Wtorek, 30 kwietnia 202430/04/2024
690 680 960
690 680 960

W trakcie ucieczki przed policjantami porzucił nosidełko z niemowlęciem (zdjęcia)

Puławscy policjanci po pościgu zatrzymali 31-latka, który posiada dożywotni zakaz kierowania pojazdami mechanicznymi. Mężczyzna nie zatrzymał się do kontroli, a potem kontynuował ucieczkę pieszo, trzymając w ręce nosidło z 7-miesięczną córką.

We wtorek rano policjanci ruchu drogowego z puławskiej komendy, kontrolując prędkość kierujących samochodami w gminie Puławy dokonali pomiaru prędkości kierującego pojazdem osobowym.

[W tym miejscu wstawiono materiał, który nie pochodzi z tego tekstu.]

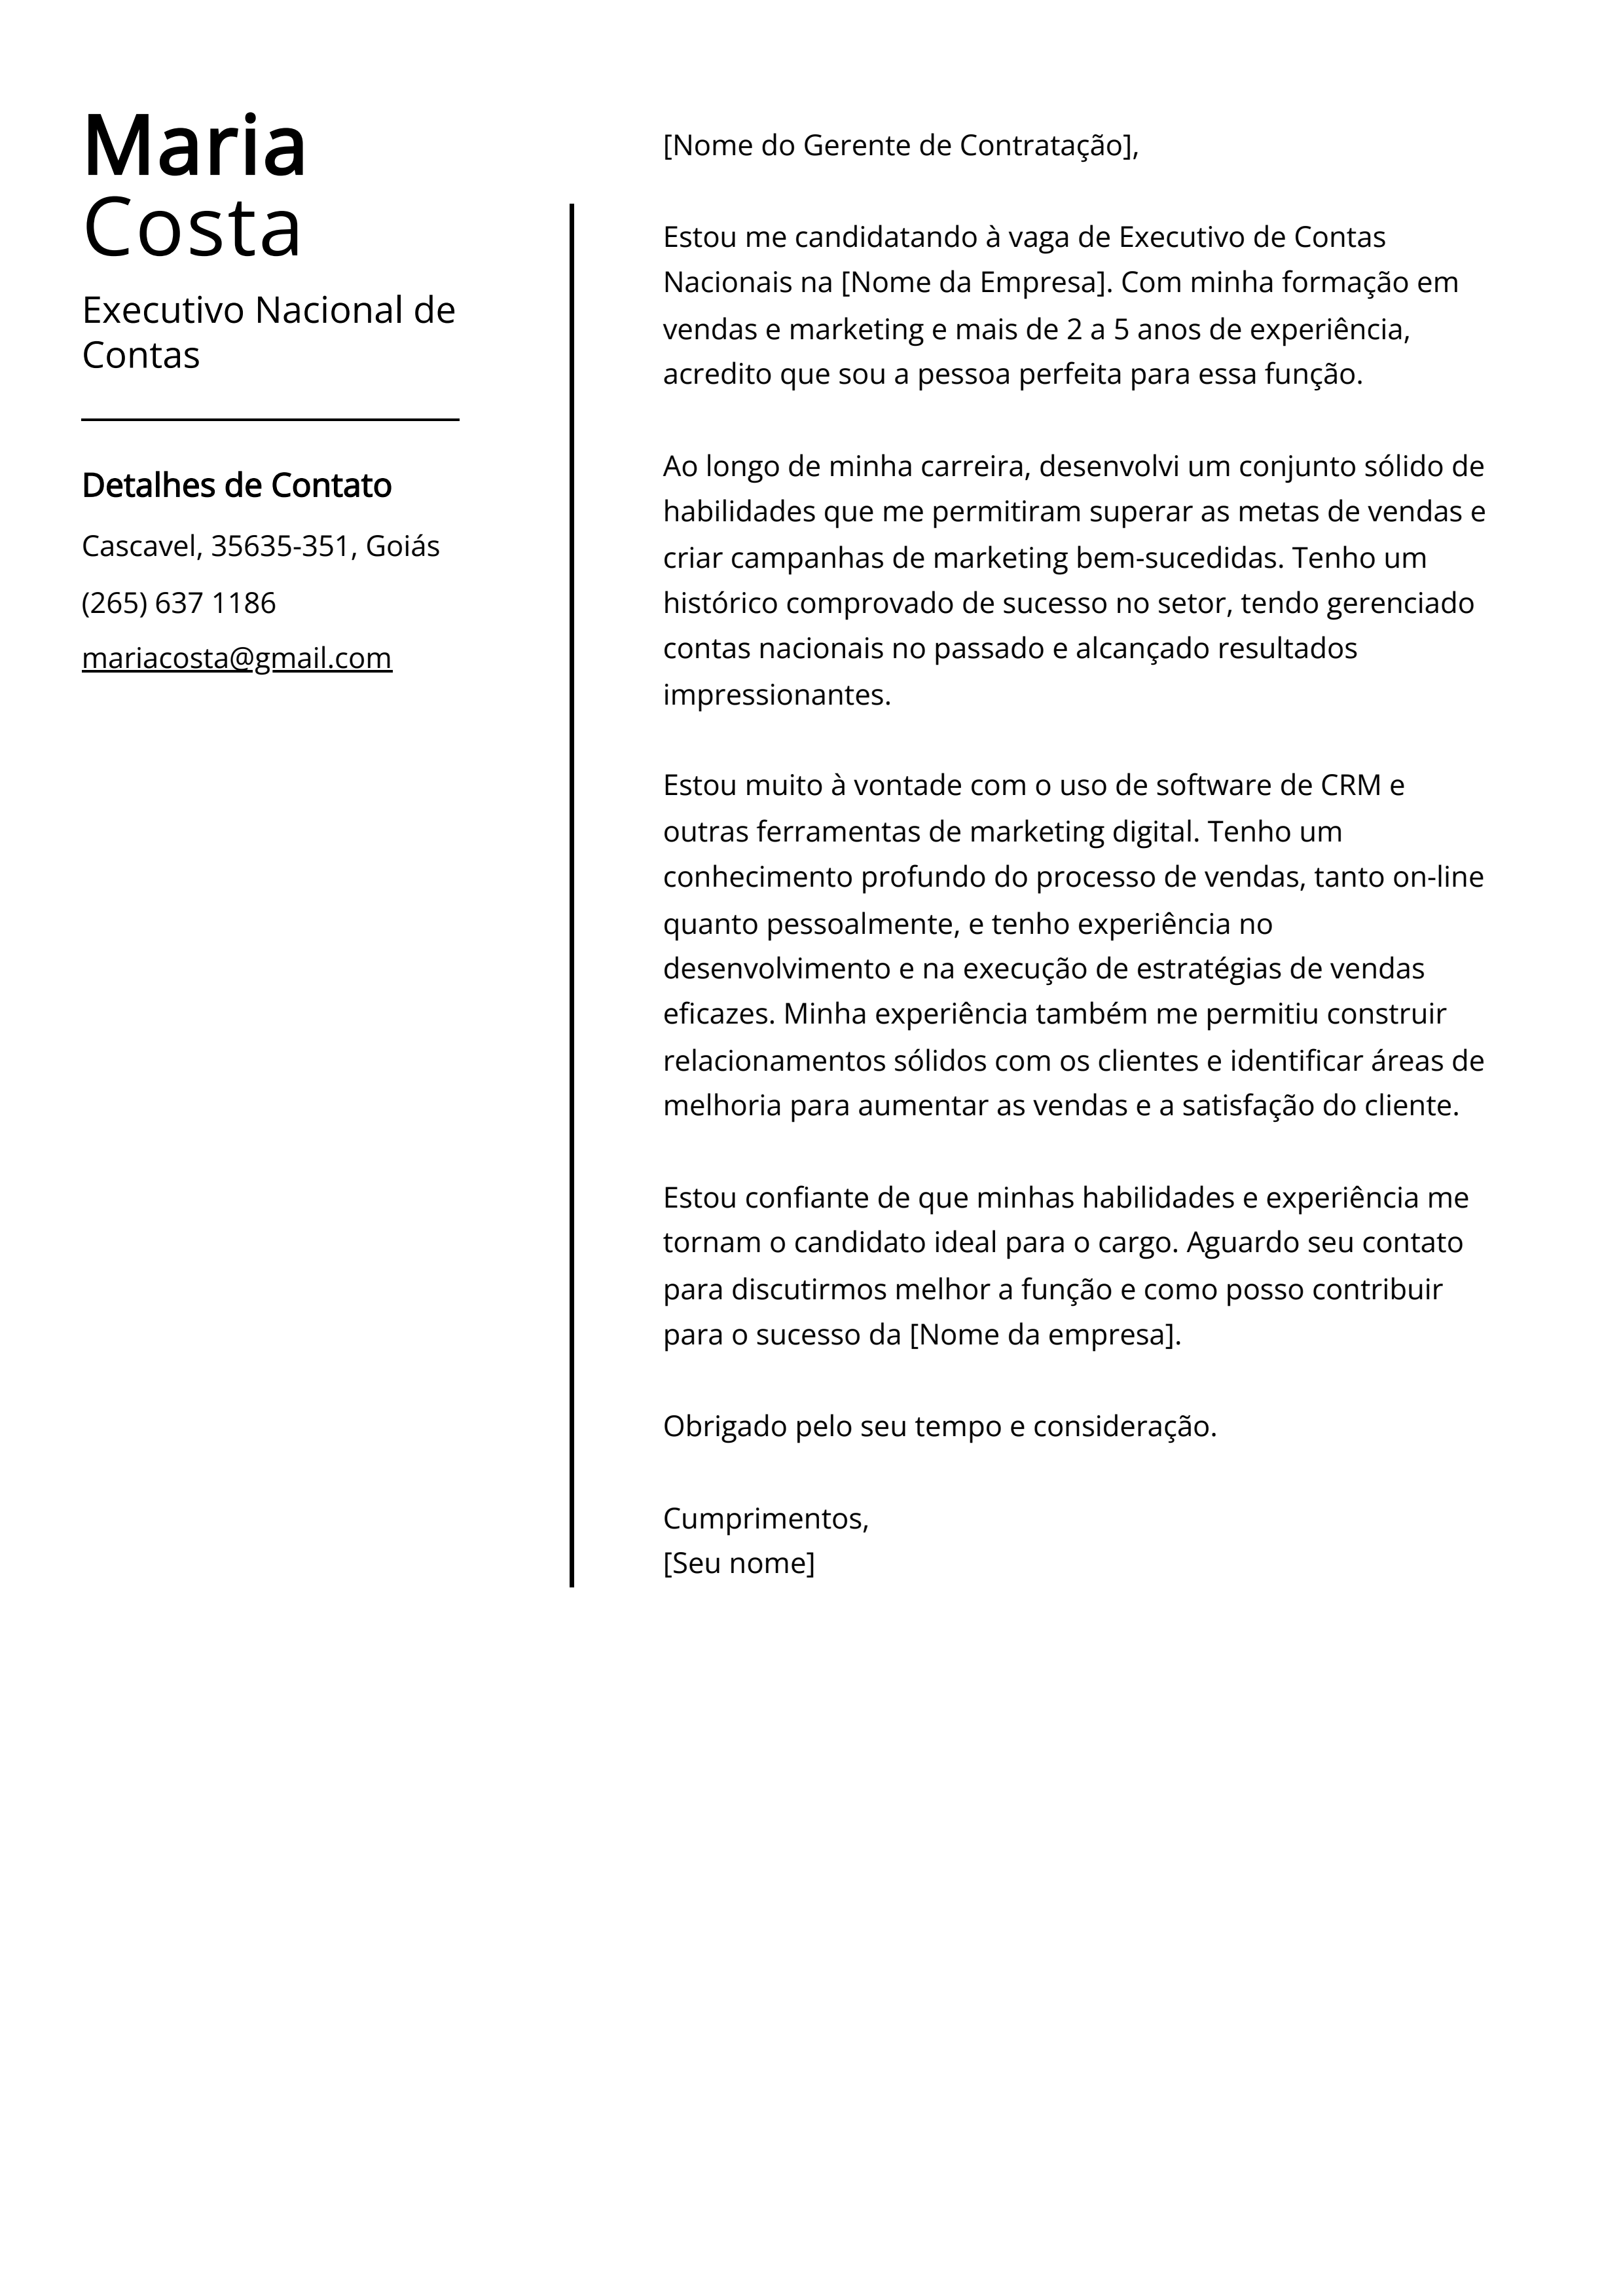 Exemplo de carta de apresentação do Executivo Nacional de Contas

– Wynik wskazywał, że kierujący oplem przekroczył dopuszczalną w tym miejscu prędkość o 16 km/h. Policjant dał mu znak do zatrzymania się. Kierowca zwolnił, spojrzał na policjanta, po czym wyminął go i gwałtownie przyspieszył. Policjanci natychmiast podjęli pościg za uciekinierem. Po kilkuset metrach kierujący oplem, na zakręcie nie zapanował nad pojazdem i wjechał do zadrzewionego rowu. Gdy samochód się zatrzymał, zza kierownicy wysiadł mężczyzna, który ku zdumieniu policjantów wyjął z auta nosidełko dziecięce z niemowlęciem i rzucił się pieszo do ucieczki – relacjonuje komisarz Ewa Rejn – Kozak z puławskiej Policji.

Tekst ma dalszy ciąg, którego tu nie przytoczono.